Один выдающийся и весьма эксцентричный невролог, который за годы нашего знакомства направил ко мне многих пациентов, как-то раз попросил меня осмотреть женщину, которая пребывала в хроническом вегетативном состоянии. Я оперировал ее годом ранее, причем случай был неотложный: у женщины произошел разрыв артериовенозной мальформации, из-за чего развилось угрожавшее жизни кровоизлияние в мозг. Операция выдалась непростая, и, хотя я сохранил пациентке жизнь, мне было не под силу исправить повреждения, причиненные мозгу в результате кровоизлияния. Она впала в кому до операции и не очнулась даже много недель спустя. Через несколько недель после операции женщину перевели в больницу по месту жительства, где ее наблюдал невролог, который теперь хотел, чтобы я осмотрел ее в лечебнице для престарелых пациентов, в которой она в конечном итоге очутилась. Перед тем как ее туда поместили, я установил шунт для борьбы с гидроцефалией мозга, которая стала запоздалым следствием первоначального кровотечения.

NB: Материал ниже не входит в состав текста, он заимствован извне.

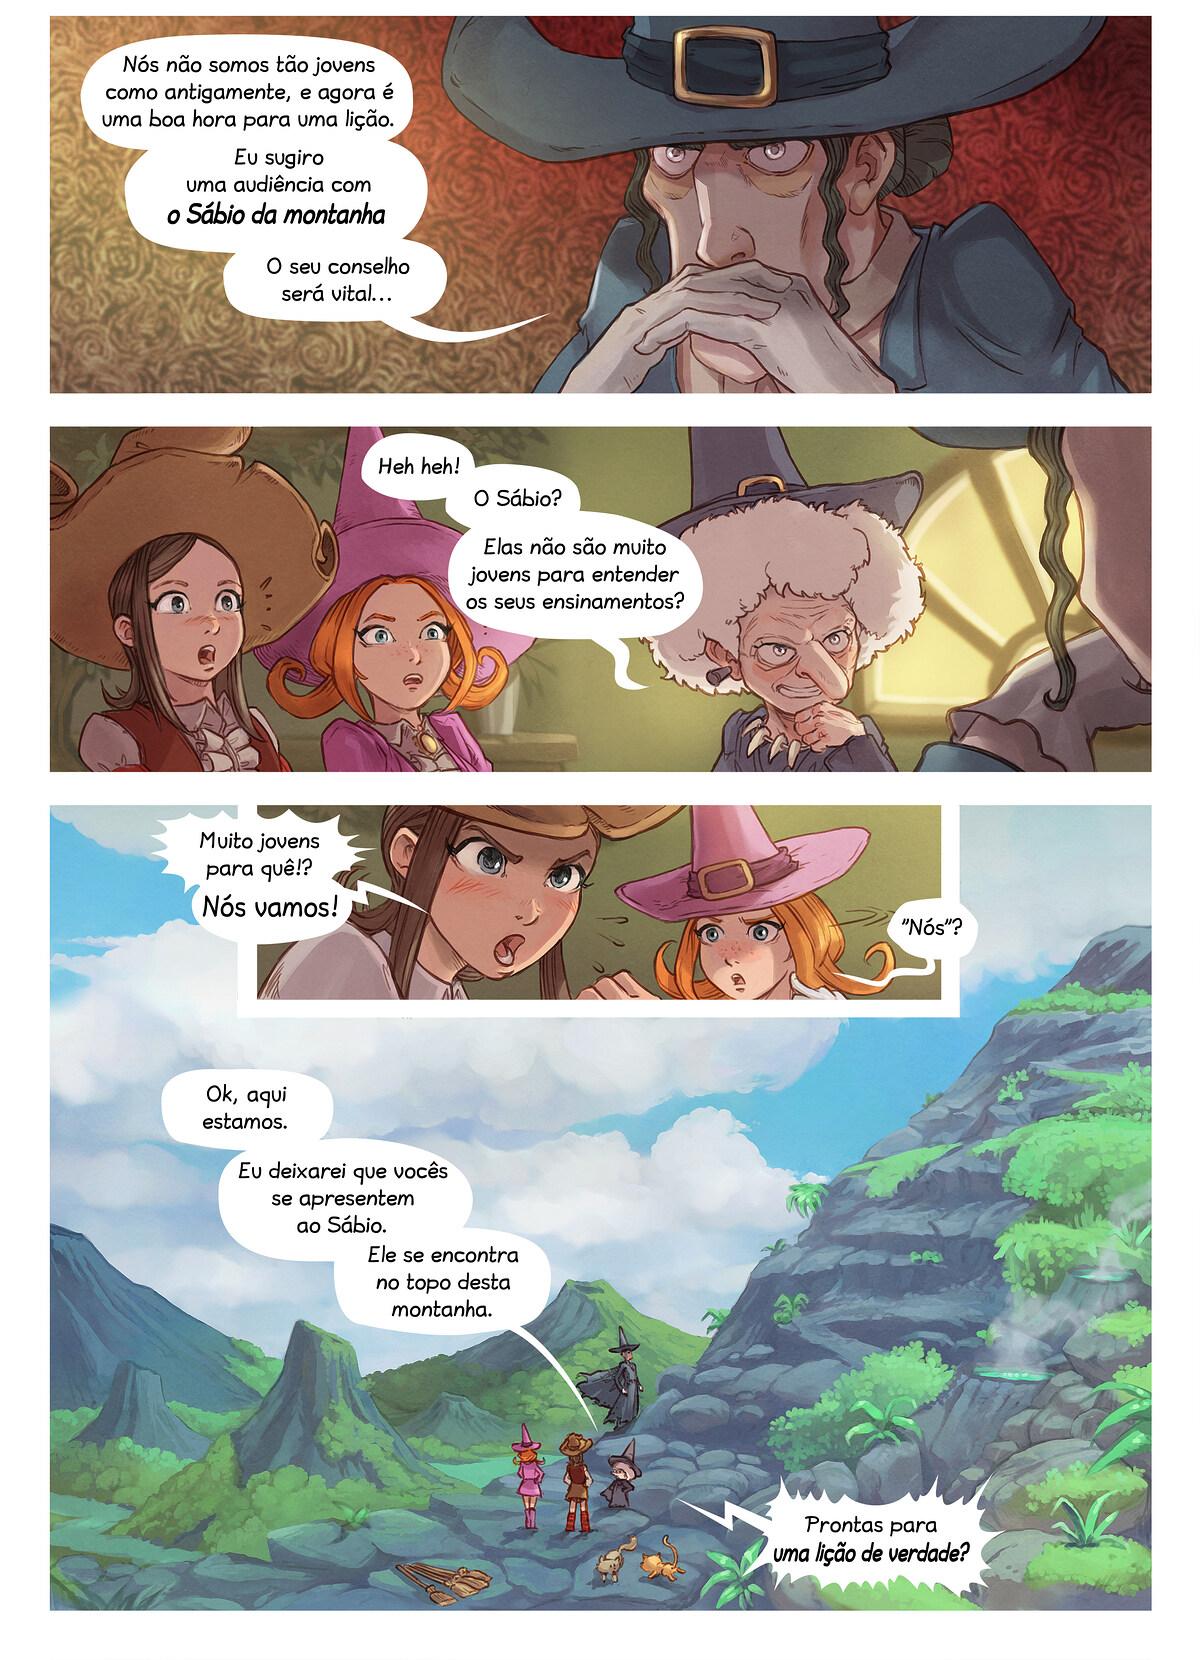 A webcomic page of Pepper&Carrot, episódio 16 [pt], página 4
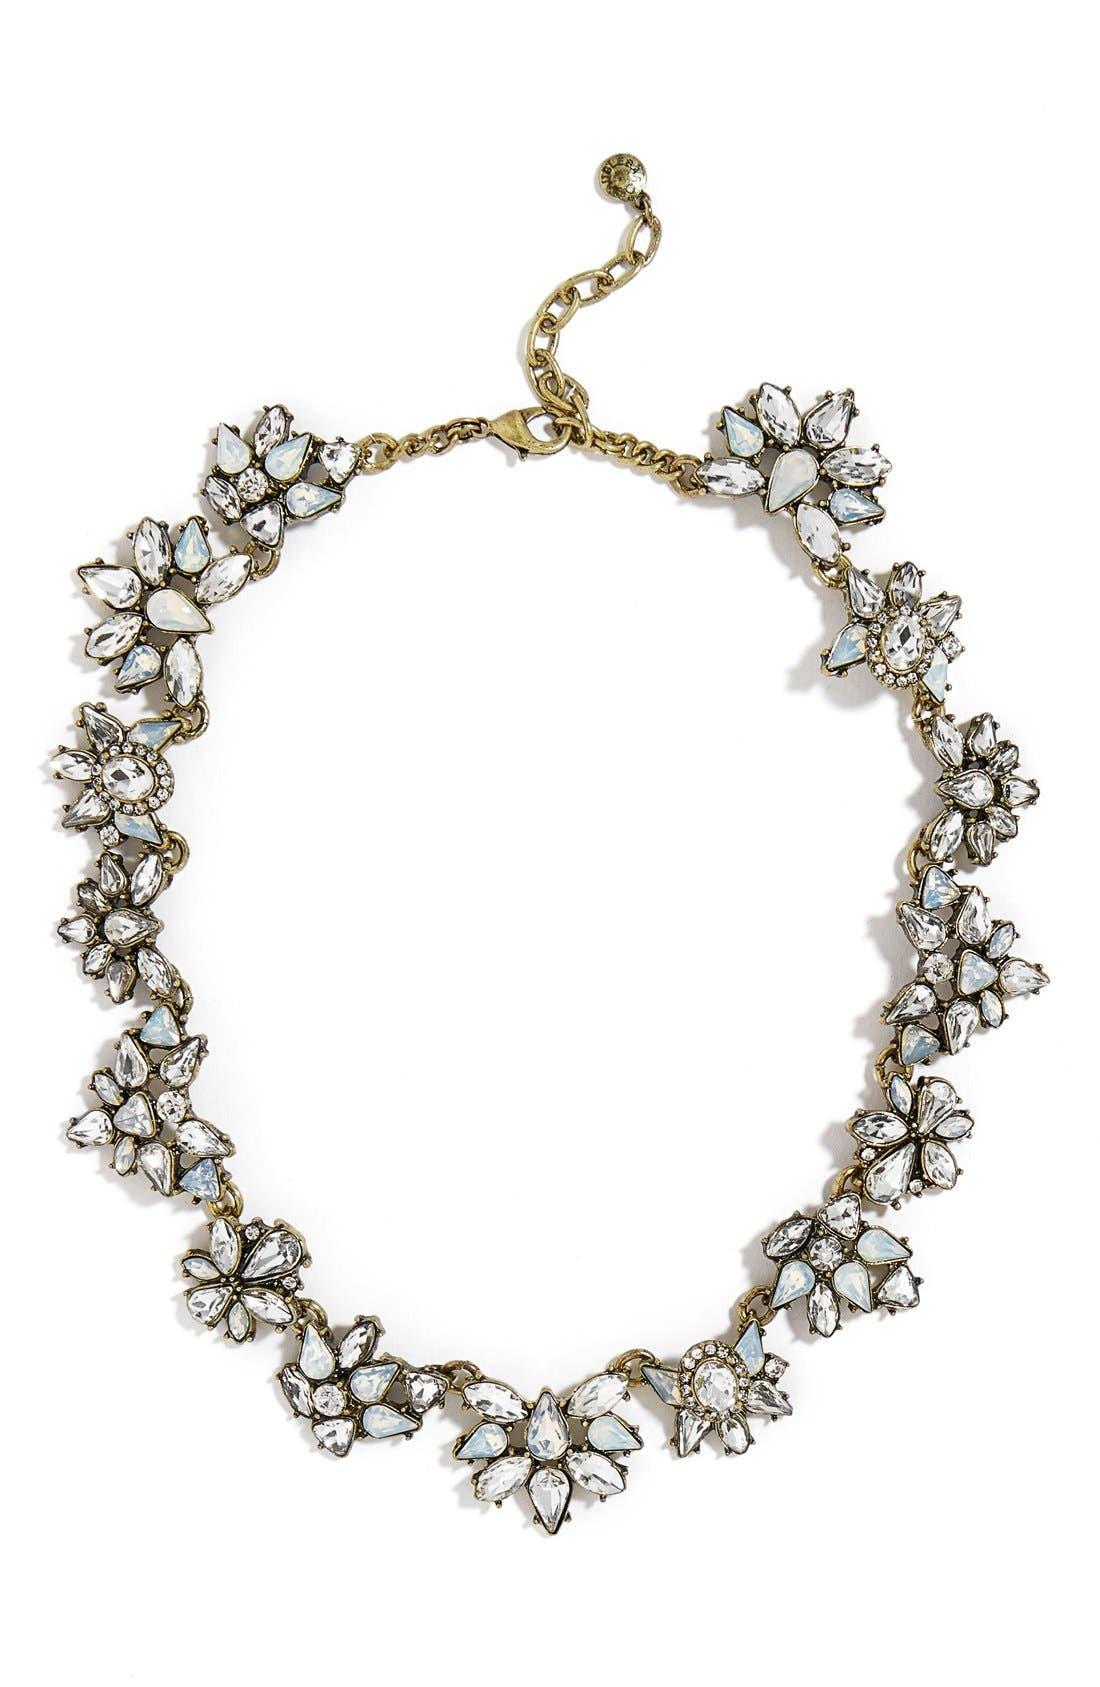 Main Image - BaubleBar Araz Crystal Collar Necklace

Несмотря на то что для установки шунта требуется минимальное хирургическое вмешательство – подобные операции я обычно доверяю младшим врачам, – эту операцию я запомнил очень хорошо, так как работал в чужой больнице, а не в родном нейрохирургическом отделении. Я практически никогда не оперирую за пределами своей операционной, за исключением, разумеется, заграничных операций. Я отправился в больницу, в которой лежала пациентка, прихватив с собой набор инструментов и одного из ординаторов. Я тщеславно представлял, что визит старшего нейрохирурга в больницу, где операции на мозге обычно не проводятся, станет важным событием, которое заинтересует персонал. Но кроме отчаявшейся семьи, никто вроде бы и не заметил моего приезда. Невролог, который в тот день отсутствовал, убедил родственников, что после операции пациентка может прийти в сознание. Я был настроен куда менее оптимистично, о чем и сообщил им. Однако терять было нечего, и после этого разговора я спустился в операционную, где, как мне сказали, персонал уже все подготовил к проведению операции.
Медсестры и анестезиологи встретили меня с полным безразличием, что изрядно сбивало с толку. Мне пришлось прождать два часа, прежде чем доставили пациентку, а когда она наконец оказалась в операционной, хирургическая бригада вяло принялась за работу в угрюмой тишине. Обстановка разительно отличалась от той, в которой я привык работать: в моей операционной все были приветливыми и энергичными. Я никак не мог понять, было ли их поведение связано с тем, что они считали операцию пустой тратой времени, или же они всегда ведут себя подобным образом. Так или иначе, я завершил операцию, отчитался перед семьей пациентки и вернулся в Лондон.
Прошли месяцы, и стало очевидно, что шунт не повлиял на состояние пациентки. Невролог захотел, чтобы я осмотрел ее и определил, нормально ли функционирует шунт и не закупорился ли он. Мне показалось несколько жестоким и нецелесообразным везти женщину на машине «Скорой помощи» через все разделявшее нас расстояние только ради того, чтобы узнать мое мнение, и я согласился – с некоторой неохотой, так как понимал, что ничем не смогу помочь, – приехать в лечебницу для престарелых, где пациентка теперь лежала.